An American warship and several commercial vessels came under attack on Sunday in the Red Sea, the Pentagon said, potentially marking a major escalation in a series of maritime attacks in the Middle East linked to the Israel-Gaza war.
“We’re aware of reports regarding attacks on the USS Carney and commercial vessels in the Red Sea and will provide information as it becomes available,” the Pentagon said.
In a statement, US Central Command confirmed there were four attacks by the Houthis against three commercial vessels connected to 14 nations.
The American destroyer USS Carney responded to the distress calls from the ships and shot down three drones that were heading for the warship during the day, said Centcom.
The US military said they believed that these attacks were "fully enabled" by Iran and represented a direct threat to international commerce and maritime security.
"The United States will consider all appropriate responses in full co-ordination with its international allies and partners," said the statement on X, formerly Twitter.
Yemen's Houthi rebels, who are backed by Iran and support Hamas against Israel, claimed they had hit two Israeli ships in Bab Al Mandeb, the strait between the Red Sea and the Gulf of Aden, on Sunday. The strait is a key trade route for global shipping and energy supplies.
The Houthis said they attacked the Unity Explorer and Number Nine ships, both of which the group said were Israeli. One of the attacks was a missile attack, while the other one was carried out by a drone, they said.
The operation came after the two ships rejected warning messages, the Houthis said on X.
The Houthis have declared war against Israeli shipping in the Red Sea.
The Yemeni rebel group said its forces will "continue to prevent Israeli ships from navigating the Red and Arab Seas until the Israeli aggression against our brothers in the Gaza Strip".

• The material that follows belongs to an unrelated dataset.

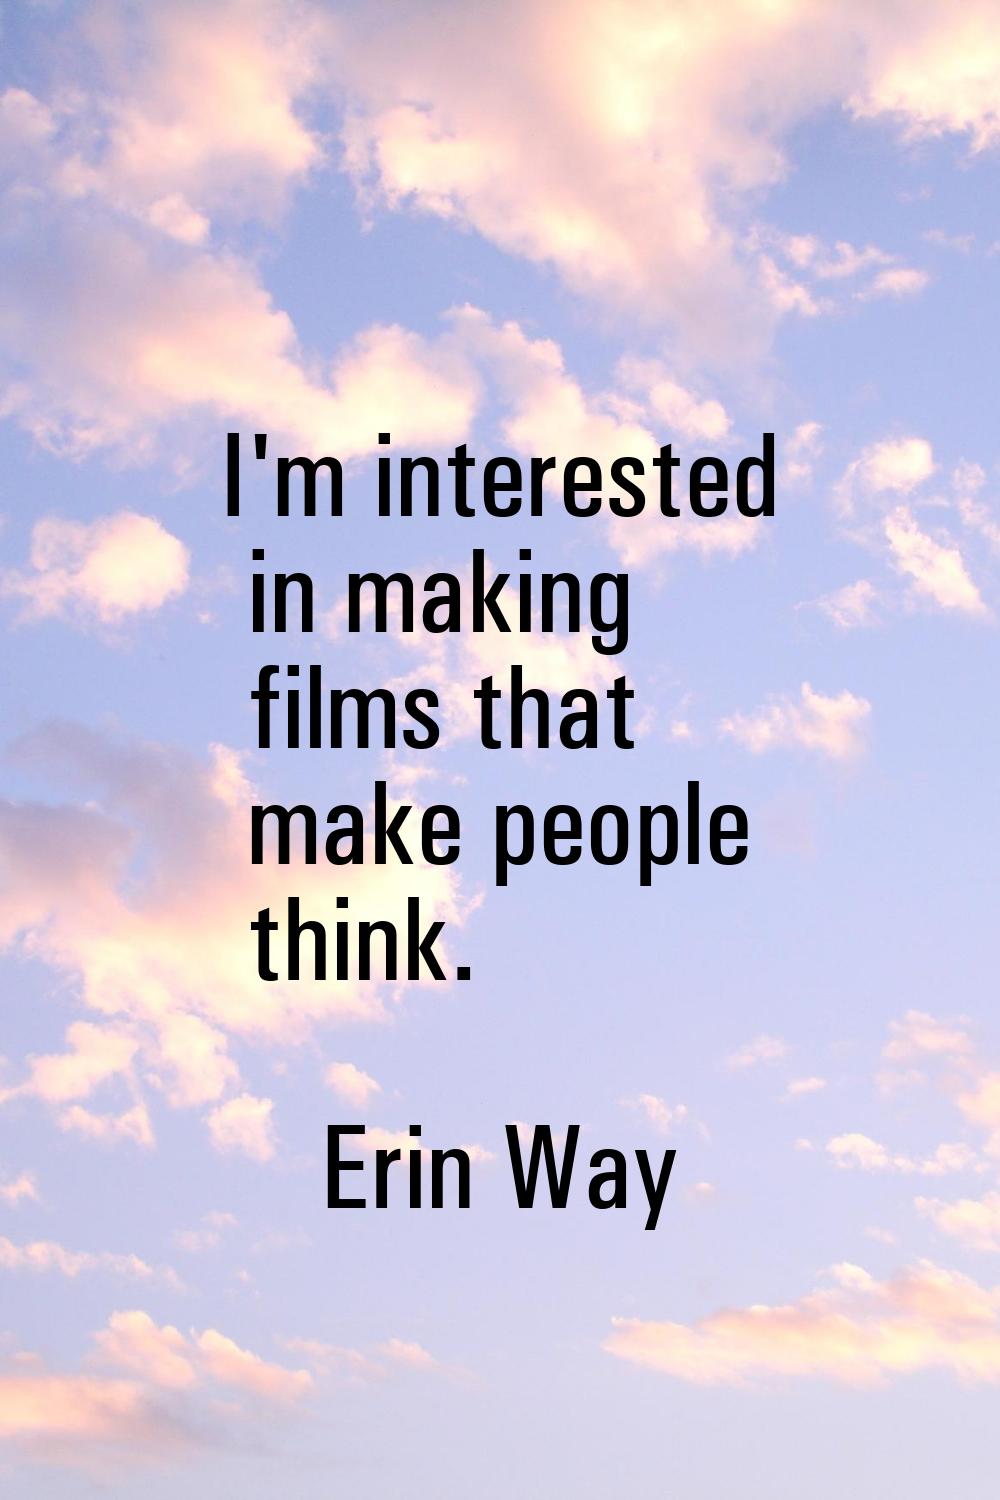 I'm interested in making films that make people think.

The two ships that Yemen's Houthi movement claimed to have attacked in the Red Sea had no connection to the state of Israel, Israeli military spokesman Rear Admiral Daniel Hagari said.
The Houthis statement did not mention the USS Carney, and the Pentagon did not identify where it believed the attack came from.
The USS Carney had shot down a drone in an attempted attack against it on Wednesday, the Pentagon said. It downed an Iranian-made KAS-04 drone that had been launched from a Houthi-controlled area of Yemen and was heading towards the warship, the Pentagon said.
The British military also earlier said there had been a suspected drone attack and explosions in the Red Sea, without elaborating.
A US official said the attack began at about 10am in Sanaa, Yemen, and had been going on for as much as five hours.
Global shipping has increasingly been targeted as the Israel-Gaza war threatens to become a wider regional conflict, and attacks continued even as a truce halted fighting and Hamas exchanged hostages for Palestinians detained by Israel.
The US boosted its military presence in the Red Sea, through which about 10 per cent of global trade passes, after the outbreak of the Israel-Gaza war in October.
Since then, the USS Carney has shot down missiles launched from Yemen towards Israel.
The USS Bataan, which can carry troops and helicopters, the USS Carter Hall, and the USS Thomas Hudner are also in the Red Sea.
Last week, the Houthis said that any US measures against them would be considered an act of war.
"Any American escalation will not dissuade us from our principled position on the Palestinian issue, and that any measure that harms the interests of our people will be tantamount to a declaration of war and will be dealt with on this basis," said Mahdi Al Mashat, the head of the Supreme Political Council of the Houthi group.
Earlier in November, the Houthis seized a vehicle transport ship also linked to Israel in the Red Sea off Yemen.
The group shared dramatic footage of militants landing on the Galaxy Leader ship and taking the crew hostage.
The rebels still hold the vessel near the port city of Hodeida.
Missiles also landed near another US warship last week after it assisted a vessel linked to Israel that had briefly been seized by gunmen.
However, the Houthis have not claimed any direct attacks against US vessels since October 7.
In 2016, the US launched Tomahawk cruise missiles that destroyed three coastal radar sites in Houthi-controlled territory to retaliate for missiles being fired at US Navy ships, including the USS Mason, at the time.